例えば、株価が10%下落した場合、転換価格も10%下落するというように、株価の変動率を反映して転換価格が修正されます。
ただし、転換価格の修正幅には、上限が設定されている場合もあります。
転換価格の修正幅は、発行企業が投資家との協議によって決定されます。
修正幅 | 内容 |
---|---|
株価変動率反映 | 株価が10%下落した場合、転換価格も10%下落など、株価の変動率を反映して修正 |
上限設定 | 転換価格の修正幅には、上限が設定されている場合もある |
2-4. まとめ
下方修正条項付きCBの転換価格は、株価の変動に応じて修正されます。修正方法は、株価が転換価格から一定割合以上乖離した場合に修正される方法と、特定の日の株価を基準に修正される方法があります。
転換価格の修正タイミングは、一定期間経過後や株価が一定の条件を満たした場合など、銘柄によって異なります。
転換価格の修正幅は、一般的には、株価の変動率を一定の割合で反映するように設定されますが、上限が設定されている場合もあります。
下方修正条項付きCBの仕組みは、銘柄によって異なるため、投資を行う際には、事前に転換価格の修正方法、タイミング、幅などを確認することが重要です。
3. 下方修正条項の影響
3-1. 株価への影響
下方修正条項付きCBは、株価に様々な影響を与える可能性があります。
まず、株価が下落した場合、転換価格が下方修正されることで、投資家はより多くの株式を取得できる可能性が高まります。
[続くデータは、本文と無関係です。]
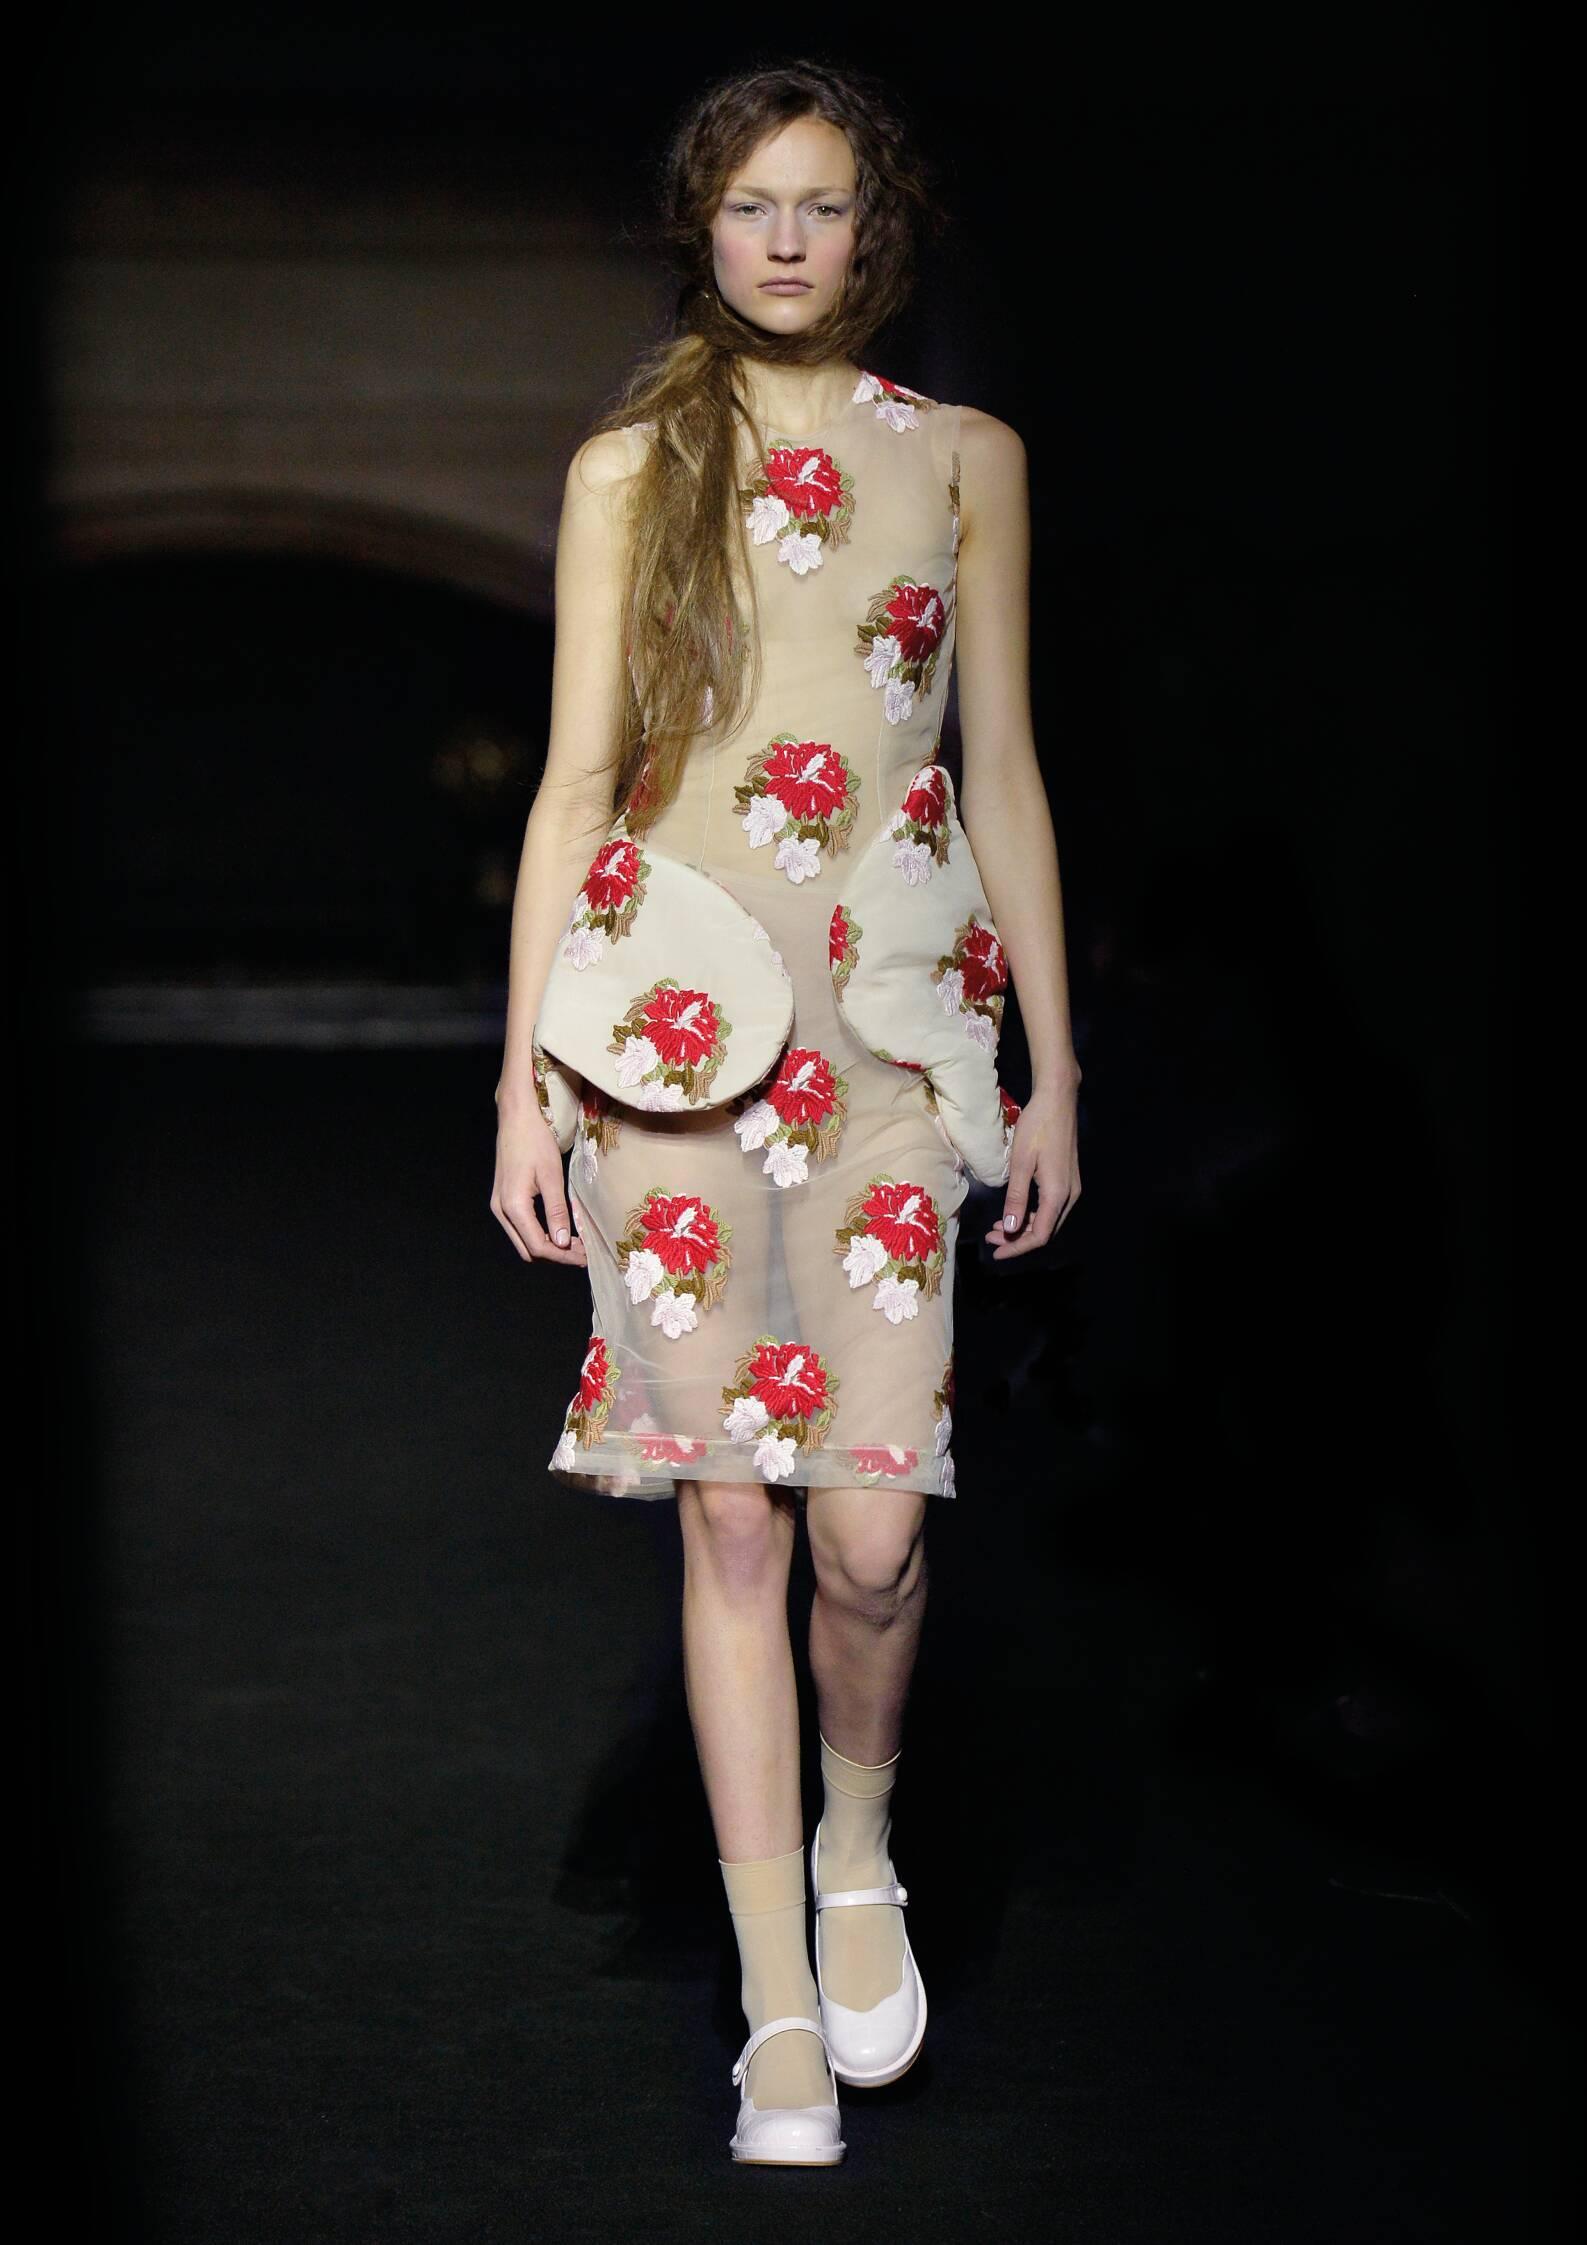 Simone Rocha Collection Fashion Show FW 2015 2016

そのため、投資家は、株価が下落しても、損失を軽減できるという期待感を持つことができます。
しかし、転換価格が下方修正されると、発行済株式数が増加し、株式の希薄化が進む可能性があります。株式の希薄化は、1株当たりの利益(EPS)を減少させるため、株価の下落要因となる可能性があります。
また、下方修正条項の存在は、投資家にとって、株価が下落するリスクを軽減する効果がある一方で、企業にとっては、株価が下落した場合でも、株式への転換を促進し、資金調達コストを抑えることができるというメリットがあります。そのため、企業は、下方修正条項付きCBを発行することで、株価が下落した場合でも、資金調達を円滑に行うことができる可能性があります。
影響 | 内容 |
---|---|
株価下落 | 転換価格が下方修正され、投資家はより多くの株式を取得できる可能性が高まる。しかし、株式の希薄化が進む可能性もある |
株価上昇 | 転換価格が上方修正され、投資家はより少ない株式を取得することになる。しかし、企業は資金調達コストを抑えることができる |
その他 | 下方修正条項の存在は、投資家にとって、株価が下落するリスクを軽減する効果がある一方で、企業にとっては、株価が下落した場合でも、株式への転換を促進し、資金調達コストを抑えることができるというメリットがある |
3-2. 投資家への影響
下方修正条項付きCBは、投資家にとって、株価の下落リスクを軽減する効果があります。
株価が下落した場合でも、転換価格が下方修正されることで、投資家はより多くの株式を取得できる可能性が高まります。そのため、投資家は、株価が下落しても、損失を軽減できるという期待感を持つことができます。
しかし、下方修正条項は、投資家にとって、転換後の株式数が大幅に増加し、株式の希薄化が進む可能性があるというリスクも孕んでいます。株式の希薄化は、1株当たりの利益(EPS)を減少させるため、株価の下落要因となる可能性があります。
そのため、投資家は、下方修正条項付きCBの特性を十分に理解し、自身の投資戦略に合わせて活用することが重要です。
影響 | 内容 |
---|---|
メリット | 株価の下落リスクを軽減できる |
デメリット | 株式の希薄化が進むリスクがある |
3-3. 企業への影響
下方修正条項付きCBは、企業にとって、資金調達コストを抑えることができるというメリットがあります。
株価が下落した場合でも、転換価格を下方修正することで、株式への転換を促進し、資金調達コストを抑えることができます。
また、下方修正条項は、投資家にとって、株価が下落するリスクを軽減する効果があるため、企業は、より有利な条件で資金を調達できる可能性があります。
しかし、下方修正条項は、既存株主にとって、株式の希薄化が進む可能性があるというリスクも孕んでいます。そのため、企業は、下方修正条項付きCBを発行する際には、既存株主への影響などを考慮した上で、適切な条件を設定することが重要です。
影響 | 内容 |
---|---|
メリット | 資金調達コストを抑えることができる |
デメリット | 既存株主への影響が懸念される |
3-4. まとめ
下方修正条項付きCBは、株価、投資家、企業に様々な影響を与える可能性があります。
株価への影響としては、転換価格の修正によって、株価が上昇する可能性もあれば、下落する可能性もあります。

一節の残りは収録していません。